# Gentoo ein Witz mit apache2 und php4/5-module [solved]

## SubMuffi

Was soll eigentlich der Witz, dass apache2 mit php4/5-module mit den Standard USE-Flags nicht mehr läuft?

Das ist der reinste Krampf. Selbst nach Docu aus dem Upgrading ist ein Witz und funktioniert SO NICHT.

emerge -pv apache

These are the packages that I would merge, in order:

Calculating dependencies ...done!

[ebuild   R   ] net-www/apache-2.0.55-r1  +apache2 -debug -doc +ldap -mpm-leader -mpm-peruser -mpm-prefork* -mpm-threadpool -mpm-worker -no-suexec (-selinux) +ssl -static-modules +threads 0 kB

Total size of downloads: 0 kB

emerge -pv =dev-lang/php-4*

These are the packages that I would merge, in order:

Calculating dependencies ...done!

[ebuild  N    ] dev-lang/php-4.4.1-r3  -adabas -apache +apache2 -bcmath +berkdb -birdstep +bzip2 -calendar -cdb -cgi -cjk -cli +crypt -ctype +curl -db2 -dba -dbase -dbmaker -dbx -debug -discard-path -doc -empress -empress-bcs -esoob +exif +expat -fastbuild -fdftk -filepro -firebird -flatfile -force-cgi-redirect -frontbase -ftp +gd -gd-external +gdbm +gmp -hardenedphp -hyperwave-api -iconv -imap -informix -inifile -interbase -iodbc +ipv6 -java-external -java-internal -kerberos +ldap -libedit -mcal -mcve -memlimit +mhash +ming -mnogosearch -msql -mssql +mysql +ncurses +nls -oci8 -oci8-instant-client -odbc -oracle7 -overload -ovrimos -pcntl +pcre -pfpro +pic -posix -postgres +readline +recode -sapdb -session -sharedext -sharedmem -snmp -sockets -solid +spell -sqlite +ssl -sybase -sybase-ct -sysvipc +threads +tiff -tokenizer +truetype -wddx +xml -xmlrpc -xpm -xsl -yaz -zip +zlib 0 kB

emerge -pv =dev-lang/php-5*

These are the packages that I would merge, in order:

Calculating dependencies ...done!

[ebuild  N    ] dev-lang/php-5.0.5-r5  -adabas -apache +apache2 -bcmath +berkdb -birdstep +bzip2 -calendar -cdb -cgi -cjk -cli +crypt -ctype +curl -curlwrappers -db2 -dba -dbase -dbmaker -debug -discard-path -doc -empress -empress-bcs -esoob +exif -fdftk -filepro -firebird -flatfile -force-cgi-redirect -frontbase -ftp +gd -gd-external +gdbm +gmp -hardenedphp -hyperwave-api -iconv -imap -informix -inifile -interbase -iodbc +ipv6 -java-external -kerberos +ldap -libedit -mcve -memlimit +mhash +ming -mnogosearch -msql -mssql +mysql -mysqli +ncurses +nls -oci8 -oci8-instant-client -odbc -oracle7 -ovrimos -pcntl +pcre -pdo-external -pfpro +pic -posix -postgres -qdbm +readline +recode -sapdb -sasl -session -sharedext -sharedmem -simplexml -snmp -soap -sockets -solid +spell -spl -sqlite +ssl -sybase -sybase-ct -sysvipc +threads -tidy +tiff -tokenizer +truetype -wddx +xml -xmlrpc -xpm -xsl -yaz -zip +zlib 0 kB

* Determining SAPI(s) to build

 *   Disabled SAPI: cli

 *   Disabled SAPI: cgi

 *   Disabled SAPI: apache

 *   Enabled  SAPI: apache2

 *

 * If this package fails with a fatal error about Apache2 not having

 * been compiled with a compatible MPM, this is normally because you

 * need to toggle the 'threads' USE flag.

 *

 * If 'threads' is off, try switching it on.

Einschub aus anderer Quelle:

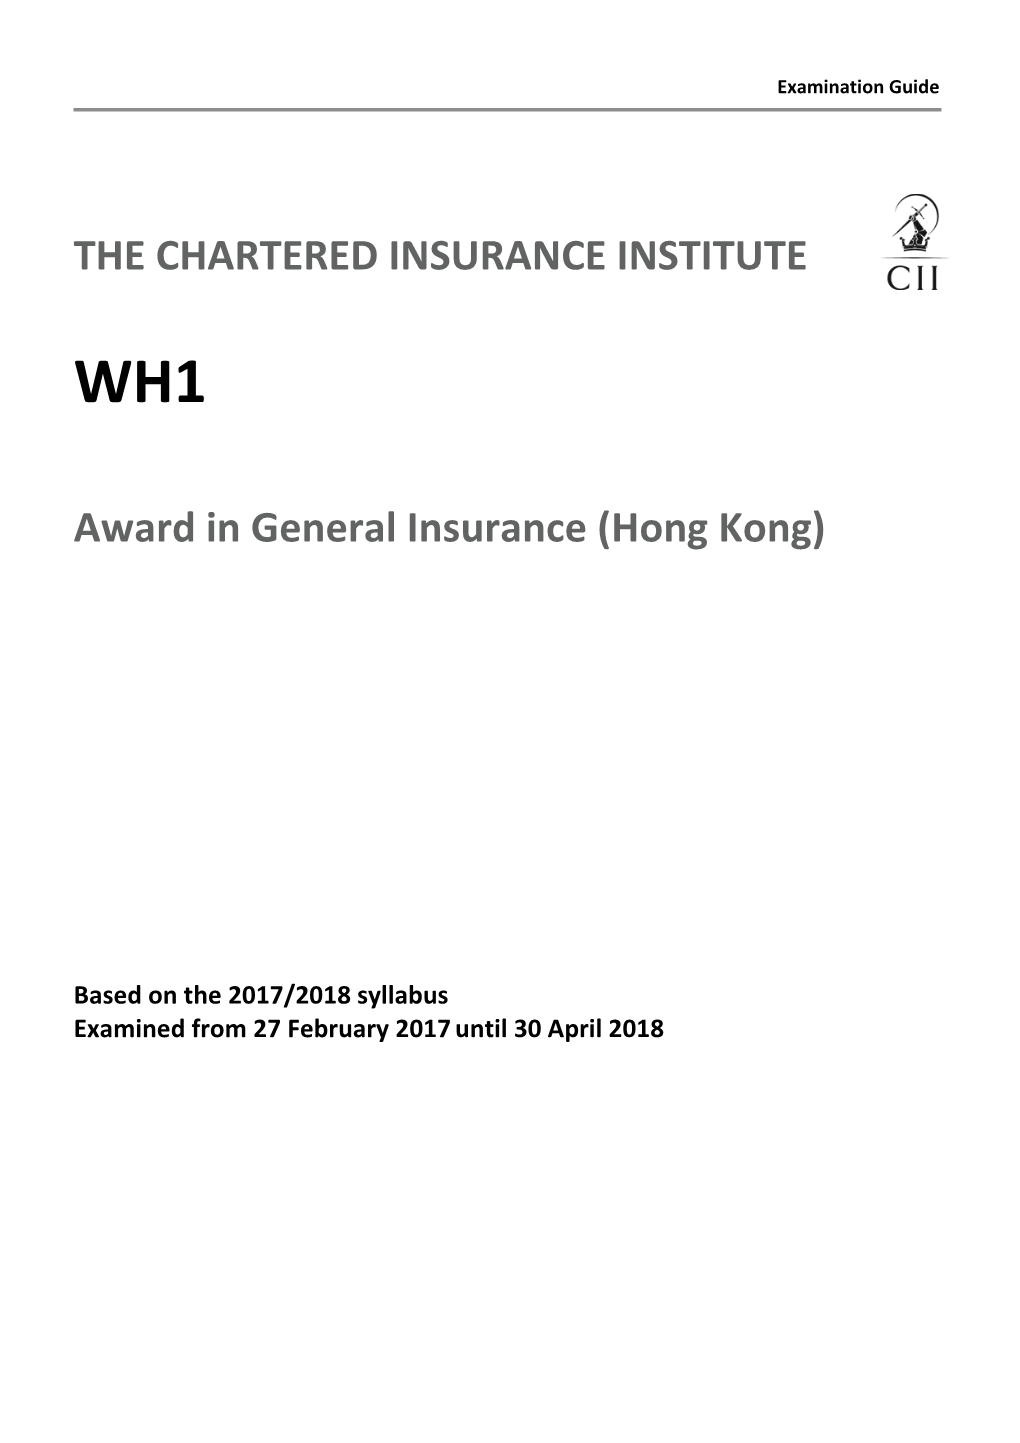 THE CHARTERED INSURANCE INSTITUTE Award in General

 * If 'threads' is on, try switching it off.

 *

 * The module you are trying to install (php)

 * will only work with one of the following MPMs:

 *    event leader metuxmpm perchild threadpool worker

 * You do not currently have any of these MPMs installed.

 * Please re-install apache with the correct mpm-* USE flag set.

!!! ERROR: dev-lang/php-4.4.1-r3 failed.

!!! Function apache2_pkg_setup, Line 248, Exitcode 0

!!! No safe MPM installed.

!!! If you need support, post the topmost build error, NOT this status message.

 Determining SAPI(s) to build

 *   Disabled SAPI: cli

 *   Disabled SAPI: cgi

 *   Disabled SAPI: apache

 *   Enabled  SAPI: apache2

 *

 * If this package fails with a fatal error about Apache2 not having

 * been compiled with a compatible MPM, this is normally because you

 * need to toggle the 'threads' USE flag.

 *

 * If 'threads' is off, try switching it on.

 * If 'threads' is on, try switching it off.

 *

 * The module you are trying to install (php)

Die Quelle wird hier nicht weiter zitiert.